━━━━━ Data shown ━━━━━

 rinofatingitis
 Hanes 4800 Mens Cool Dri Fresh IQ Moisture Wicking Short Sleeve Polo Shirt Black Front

━━━━━
━━━━━ Data shown ━━━━━

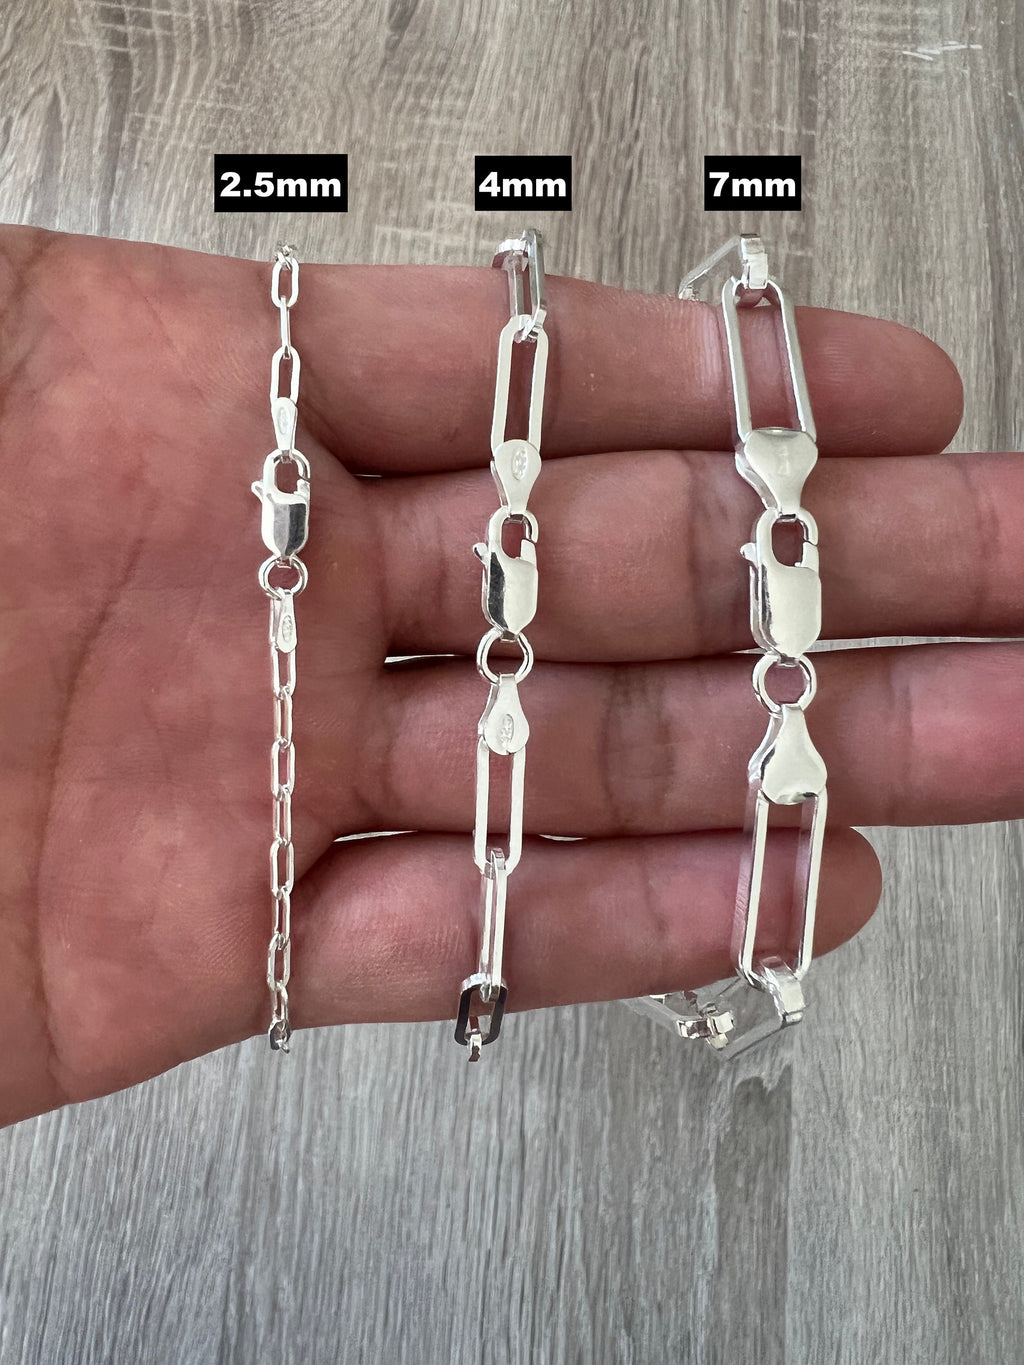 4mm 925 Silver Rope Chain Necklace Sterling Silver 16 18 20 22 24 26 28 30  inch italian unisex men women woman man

━━━━━
━━━━━ Data shown ━━━━━

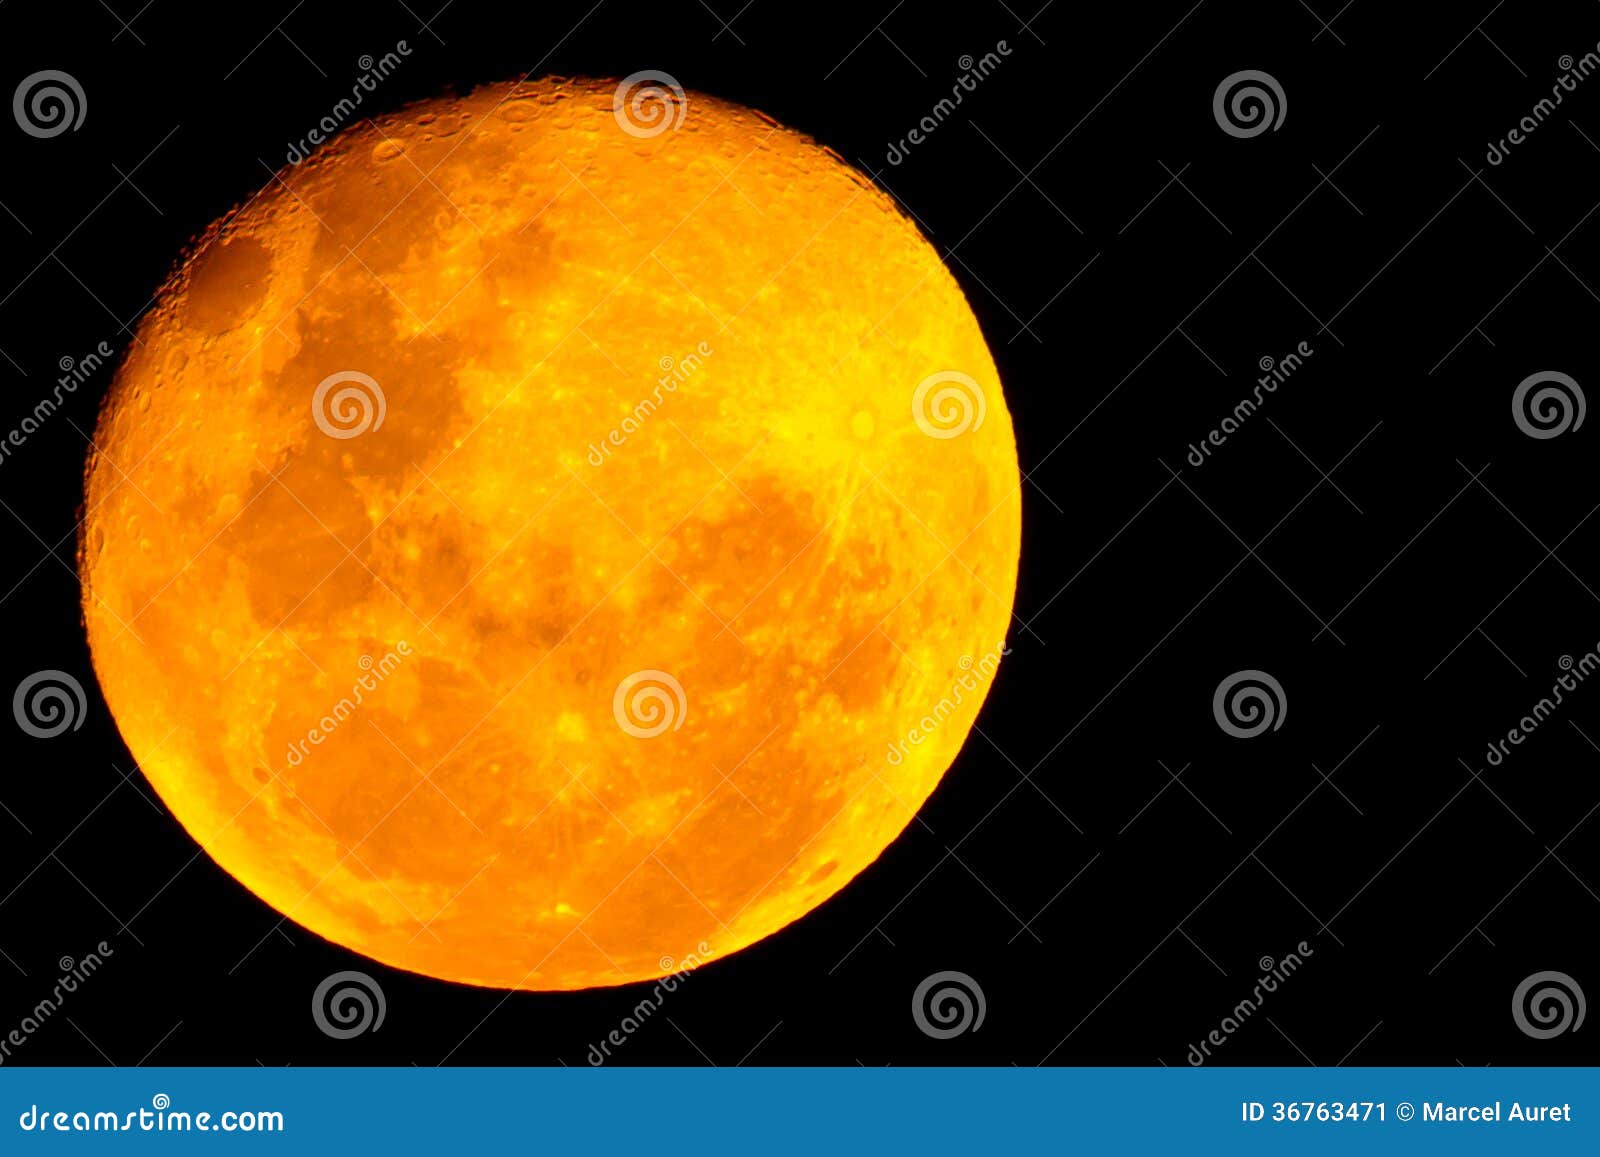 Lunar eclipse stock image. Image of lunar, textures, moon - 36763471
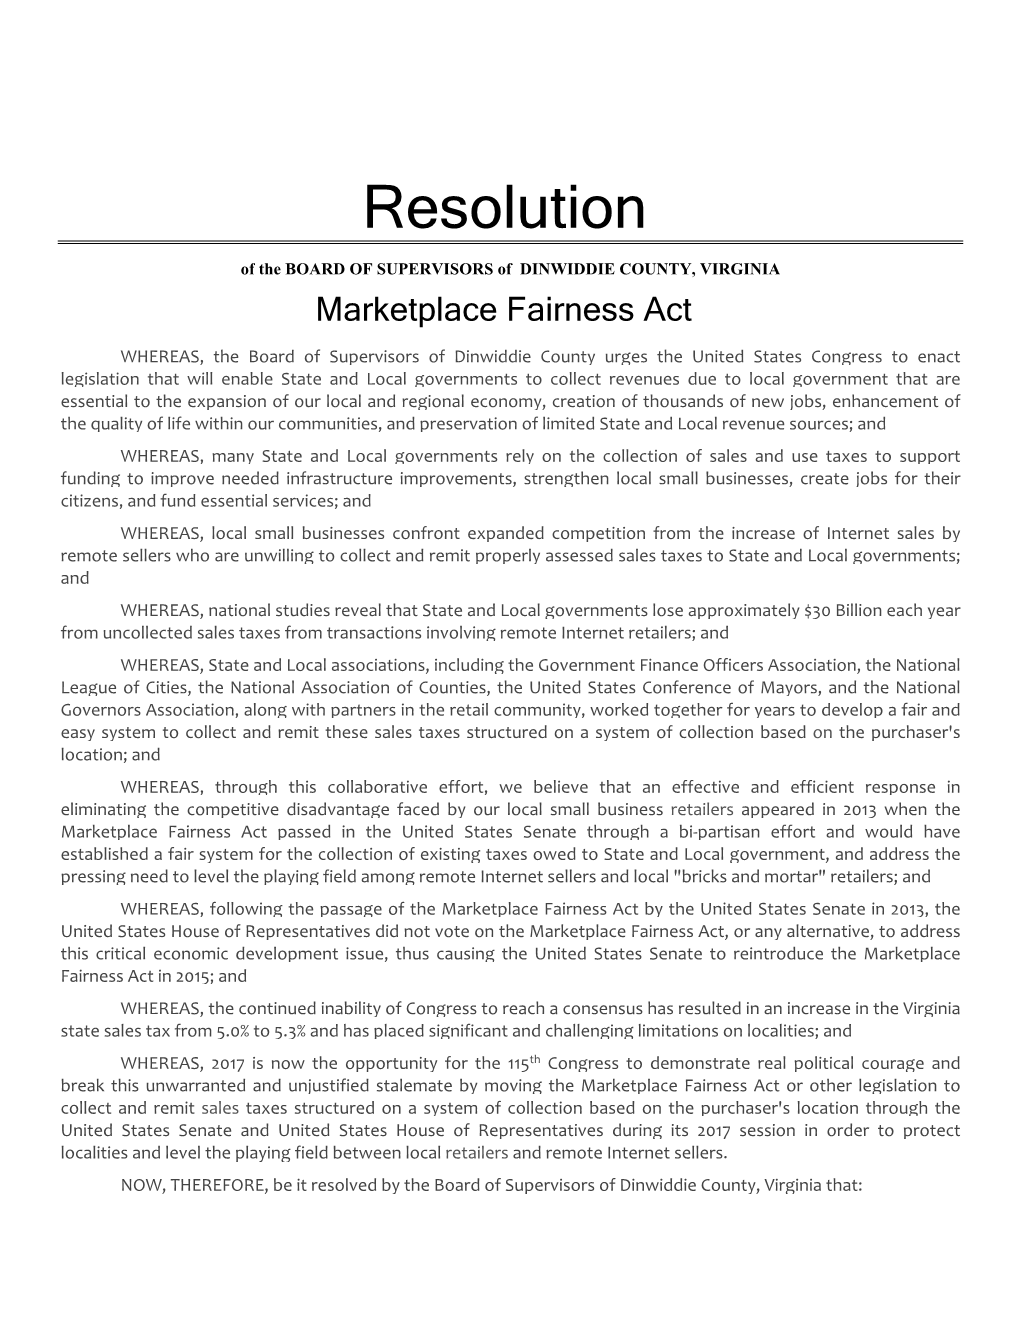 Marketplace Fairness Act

━━━━━

Exercise aim>
Beginning at the line above that contains "Lunar eclipse stock" and going on through the line that contains "Marketplace Fairness Act", please copy every line exactly, leaving the pictures out and adding nothing.

Answer section>
 Lunar eclipse stock image. Image of lunar, textures, moon - 36763471
 Marketplace Fairness Act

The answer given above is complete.